No there is not a $2 TRILLION error in the budget
No, Trump's budget does not contain a $2 trillion 'math error'
By Dan Calabrese
For the past 18 hours or so, the mainstream media has joined online lefty sites with the seemingly big news that the 10-year Trump budget plan contains a $2 trillion “math error” that makes the premise of the entire thing totally laughable. What they’re telling you is that the White House counted the same positive numbers twice – once assuming that economic growth would render tax rate cuts revenue neutral, and then counting the same economic growth as the cause of an entirely different $2 trillion in new federal revenue.
Even if you can assume the tax cuts will spur economic growth causing an additional $200 billion in revenue, the left and the media claim, the White House screwed up by counting that revenue twice when in fact it is only going to happen once.
The media and the left are wrong. Or lying. Or both.
The crux of their mistake is their failure to understand why the White House believes the tax cuts will be revenue-neutral
The crux of their mistake is their failure to understand why the White House believes the tax cuts will be revenue-neutral. Resulting economic growth is not the reason for that assumption. Rather, it is the intention to couple the reduced rates with the elimination of exemptions and deductions in the tax code.
Think about it like this: If you make $100,000 and you pay a 35 percent rate, but you can deduct $20,000 from your taxable income, then you’re only paying 35 percent of $80,000, which comes out to $28,000. Now let’s say your tax rate is cut to 28 percent, but your deductions are eliminated. Now you’re paying 28 percent of $100,000. Your tax? Why, it’s $28,000, just as it was before.
The Trump tax cut proposal is designed to work like that. Now, you might wonder, if everyone is going to pay the same, then what’s the point? The point is that it’s unproductive to spend a lot of time and effort hiding income to avoid being taxed on it. Make as much income as possible taxable, but cut the rates, and you’ll spur people to direct their capital in more productive directions. That will result in economic growth.
The media and the left completely miss this. They think Trump is counting on faster economic growth to make the tax cuts revenue-neutral. In other words, they’re assuming the rate cuts are not accompanied by any change in exemptions or deductions, such that they will reduce revenue at the exact same rate as the rate cuts themselves. But that’s not true, because eliminating the exemptions and deductions results in more taxable income and thus higher revenues to offset the rate cuts. The media and the left totally miss this.
Why? Because they’re stupid. And dishonest.
OMB Director Mick Mulvaney tries to explain to New York Magazine, not that they’re listening:
Budget Director Mick Mulvaney told reporters that his plan assumes the Trump tax cuts would be revenue neutral — which is to say, for every dollar of lost revenue through lower rates, it would produce another dollar of higher revenue through reduced tax deductions or loopholes. And then the revenue-neutral plan would produce so much growth that overall revenue would rise:
“We stand by the numbers. We thought that the assumption that the tax reform would be deficit-neutral was the most reasonable of the three options that we had. We could either assume that our tax reform was deficit-neutral. We could assume it would reduce the deficit. We would assume it would add to the deficit. And given the fact that we’re this early in the process about dealing with tax reform, we thought that assuming that middle road was the best way to do it.”
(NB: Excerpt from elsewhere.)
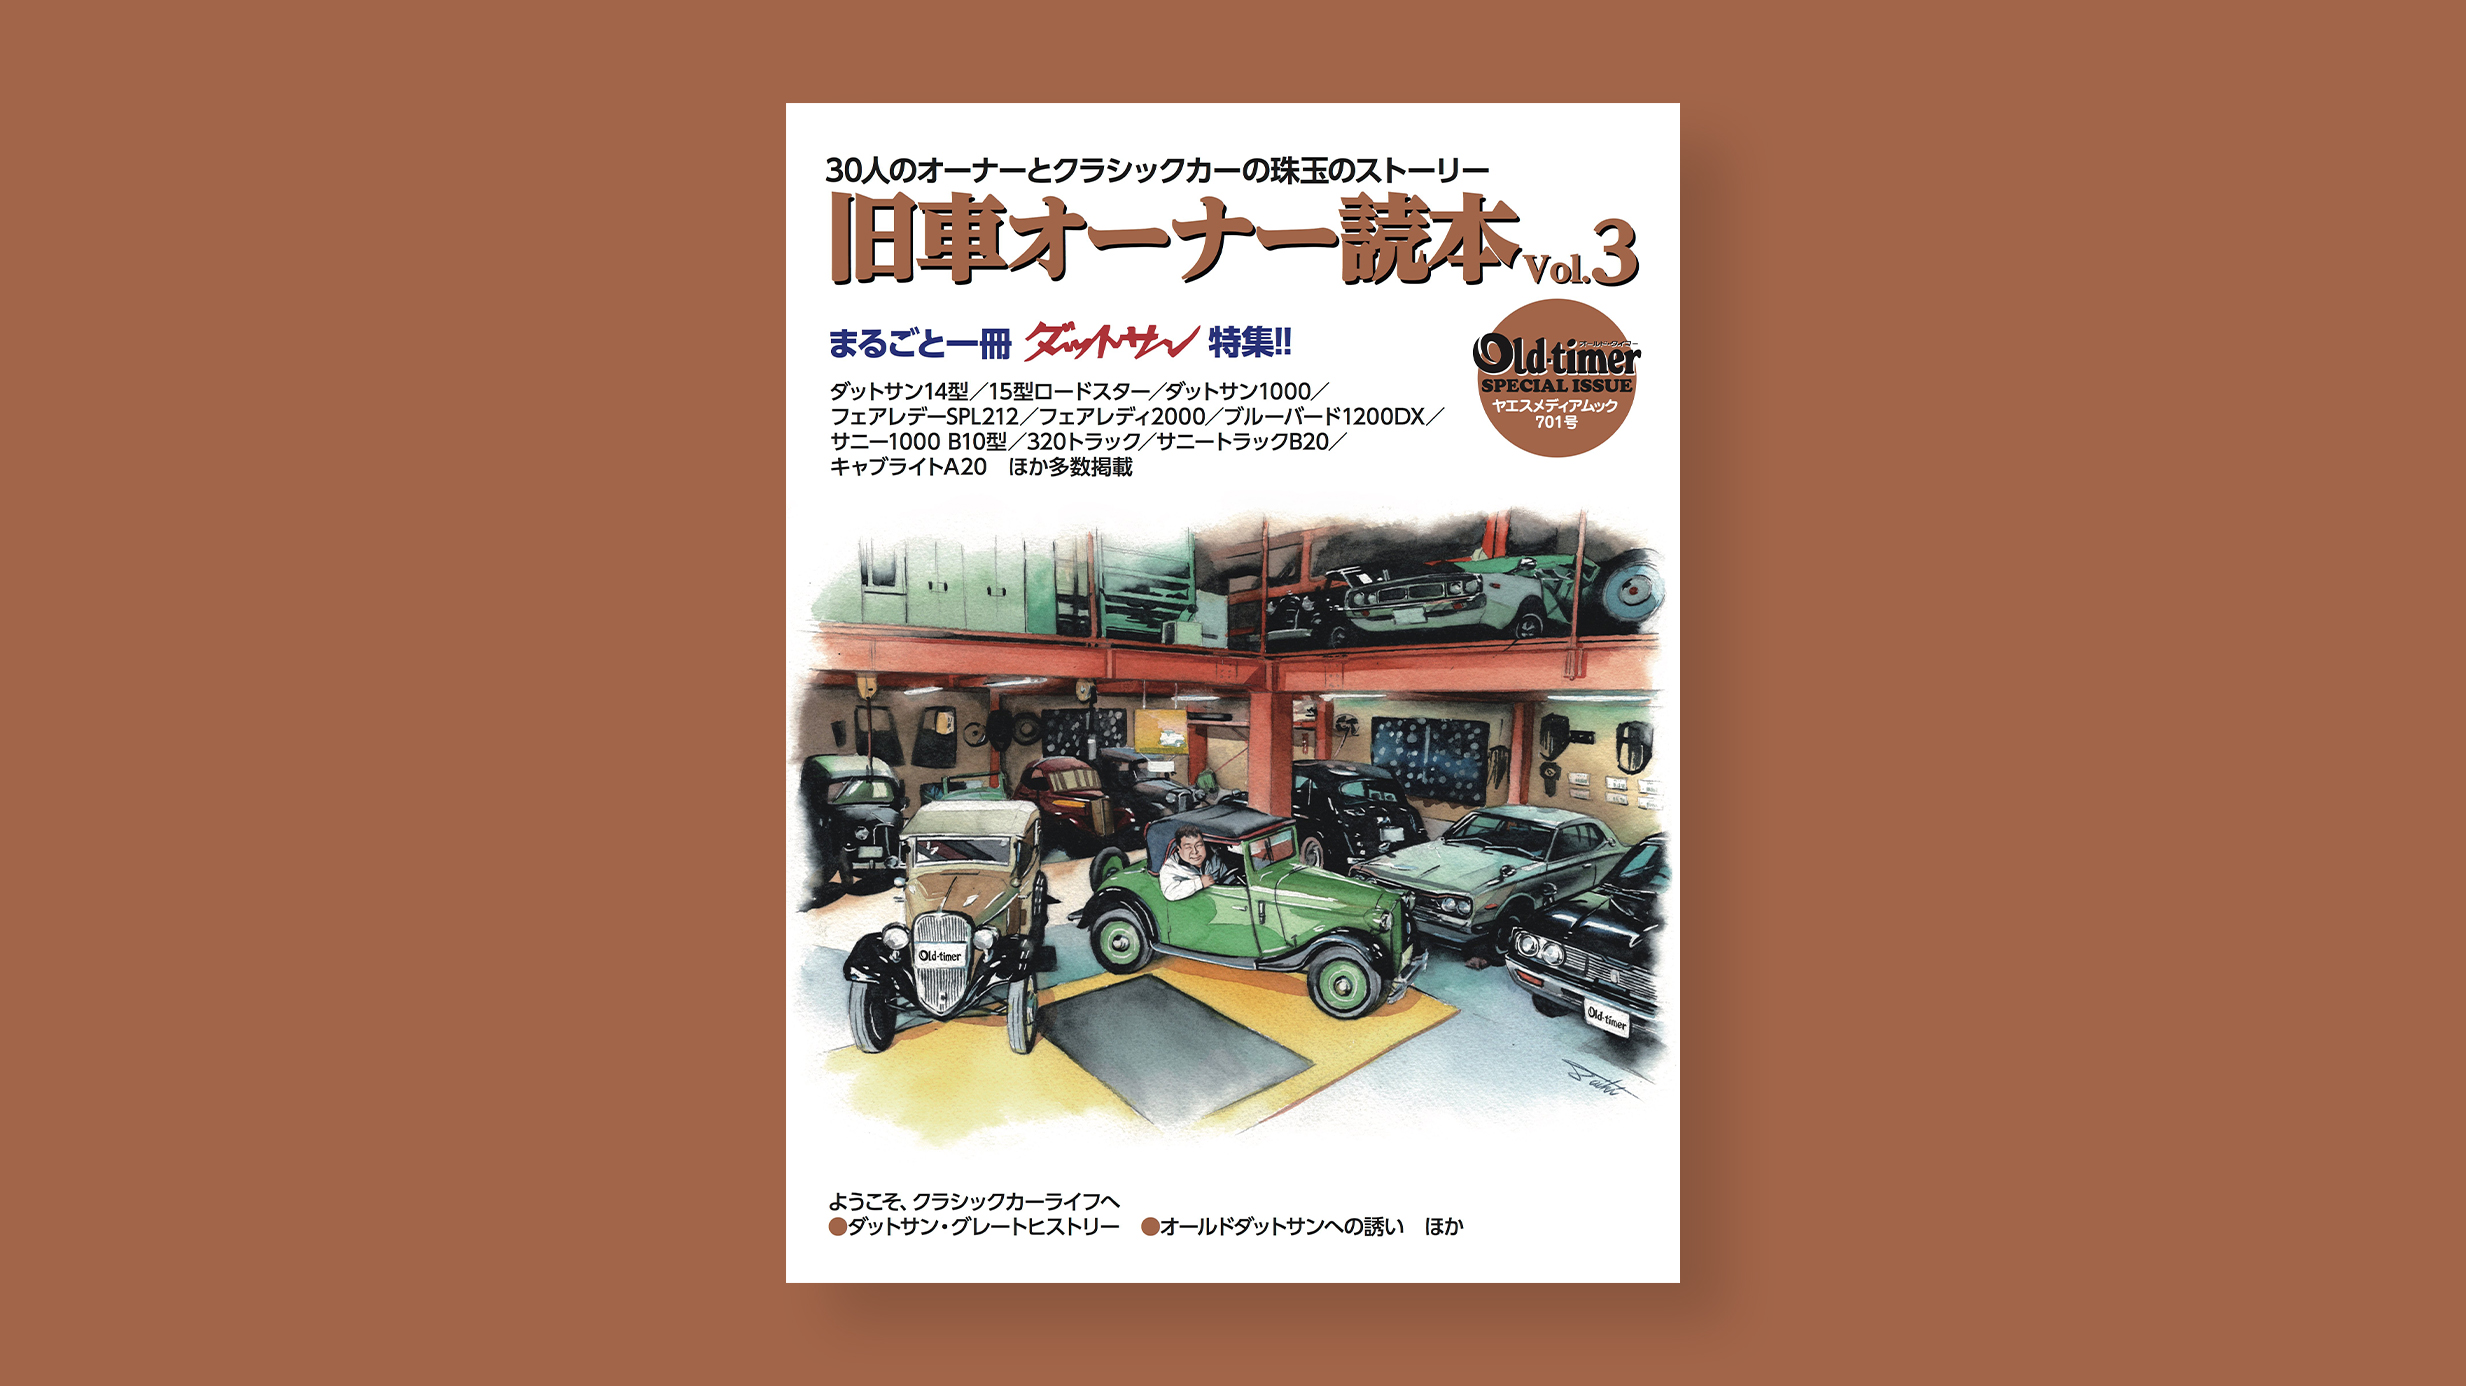 旧車オーナー読本 vol.3 (old-timer ヤエスメディアムック701号) 表紙車イラスト 装画
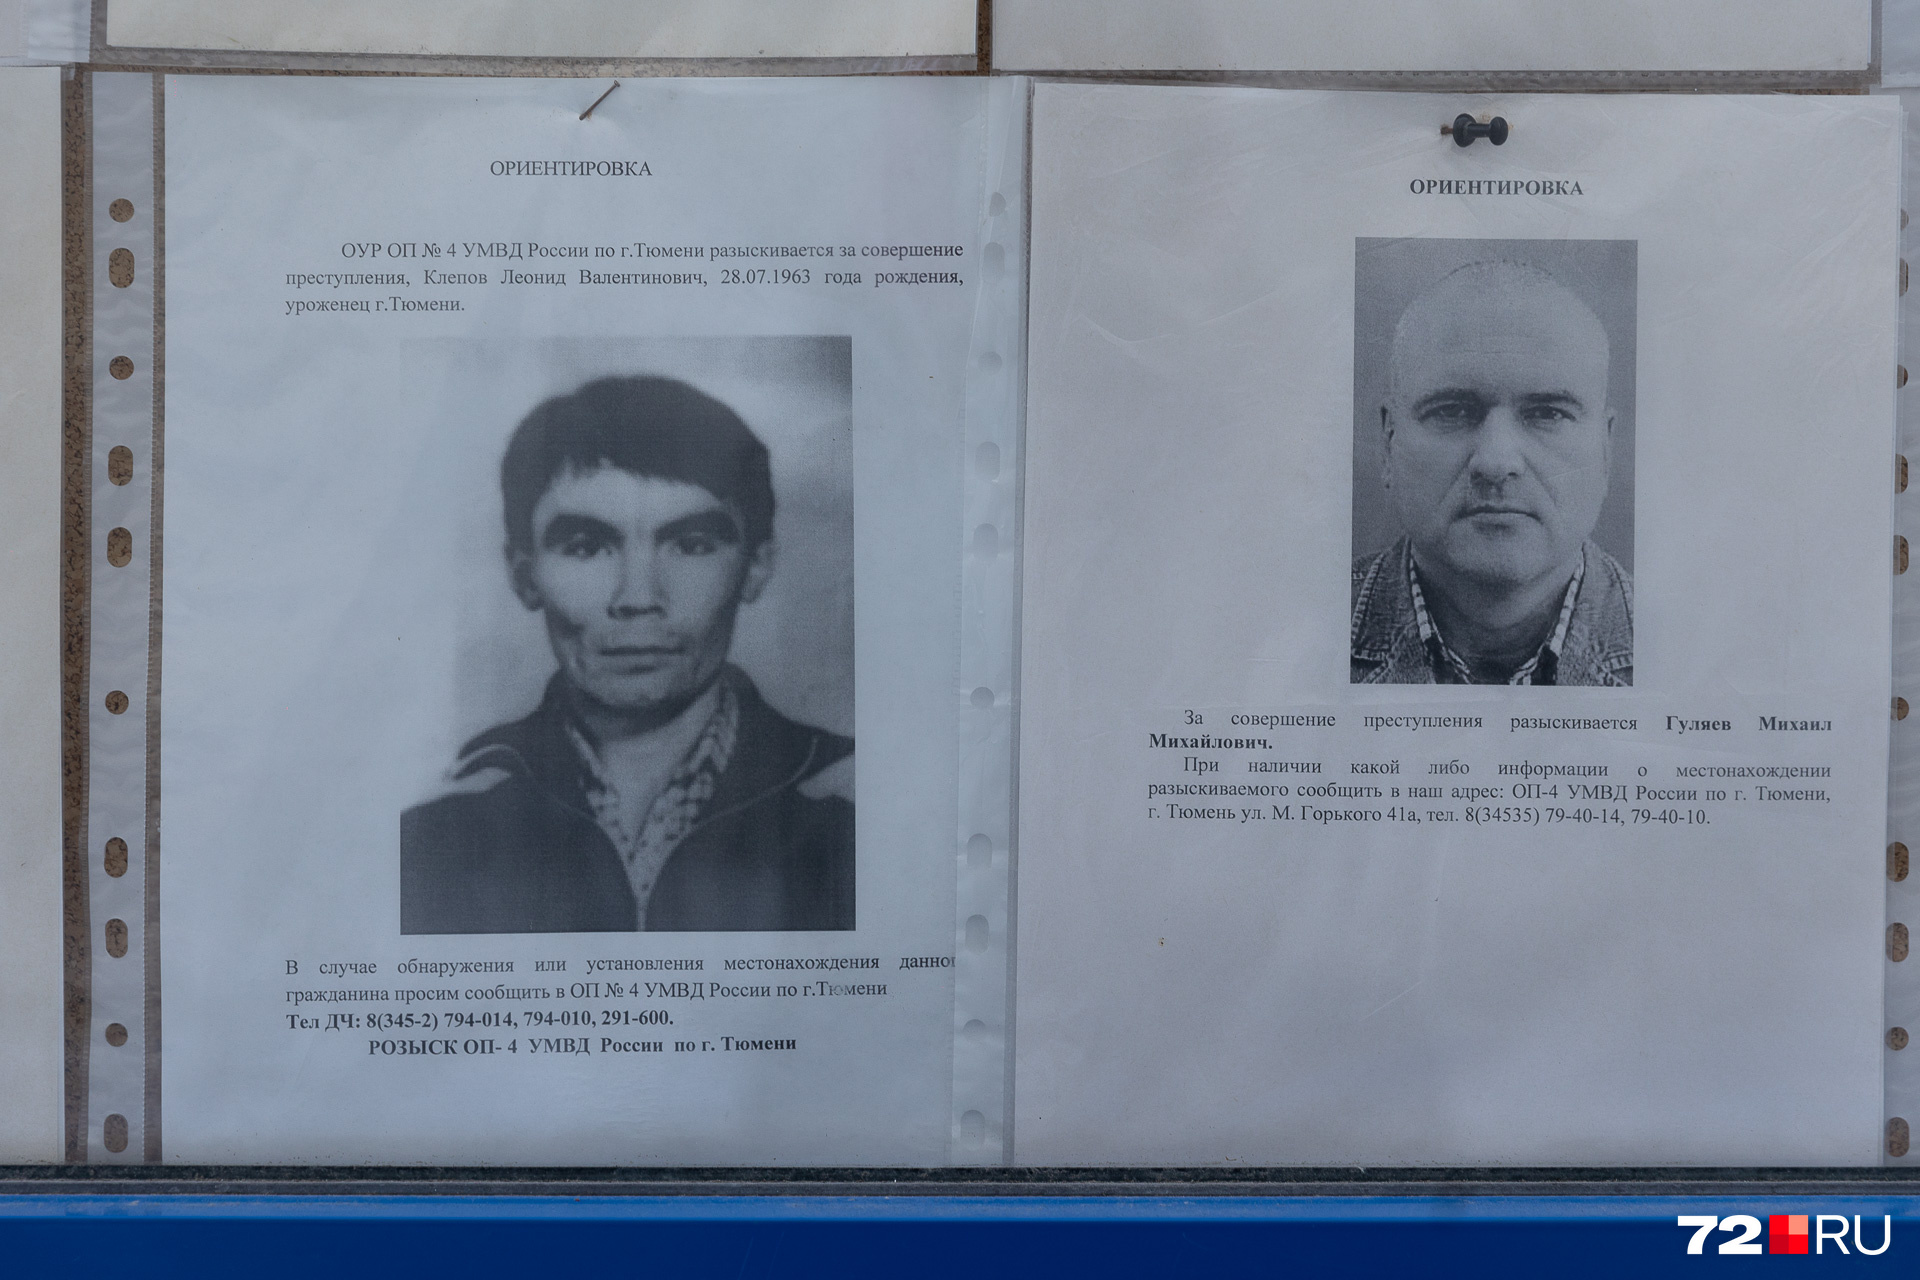 А еще на досках можно увидеть лица Леонида Валентиновича Клепова и Михаила Михайловича Гуляева

An OMB official gave the same explanation to Politico’s Michael Grunwald: “A senior OMB official told me the double-counting accusations are wrong, because the budget assumes tax reform will be deficit-neutral without taking growth into account.”
New York Magazine goes on to completely dismiss the explanation, but at least they reported it. Most of the media who are wetting their pants over this “mistake” or “scam” aren’t even taking Mulvaney’s explanation into account, let alone understanding it.
Media are being dishonest with you when they claim Trump is double-counting the growth estimate in his budget projection
Now to be sure, the assumption of 3 percent growth or higher is a very optimistic scenario. If it happens, it will represent much better growth than we had at any point during the Obama years. But the whole point of cutting taxes and simplifying the code is to create a more positive environment to spur that kind of growth. So is the administration’s move to end Obama’s nonstop harassment of the business community via regulations, investigations, lawsuits and unionization campaigns.
There is no doubt in my mind that if the entire Trump agenda is implemented, we’ll get the growth envisioned in this budget plan. The question is whether Congress will pass the whole thing.
Either way, the media are being dishonest with you when they claim Trump is double-counting the growth estimate in his budget projection. He’s not. The elimination of exemptions and deductions is one factor. Expected economic growth is an entirely different factor. The fact that they’re still telling you this is a lie, a mistake or a scam shows that they either don’t understand the tax code, or don’t understand economics . . . or are simply liars.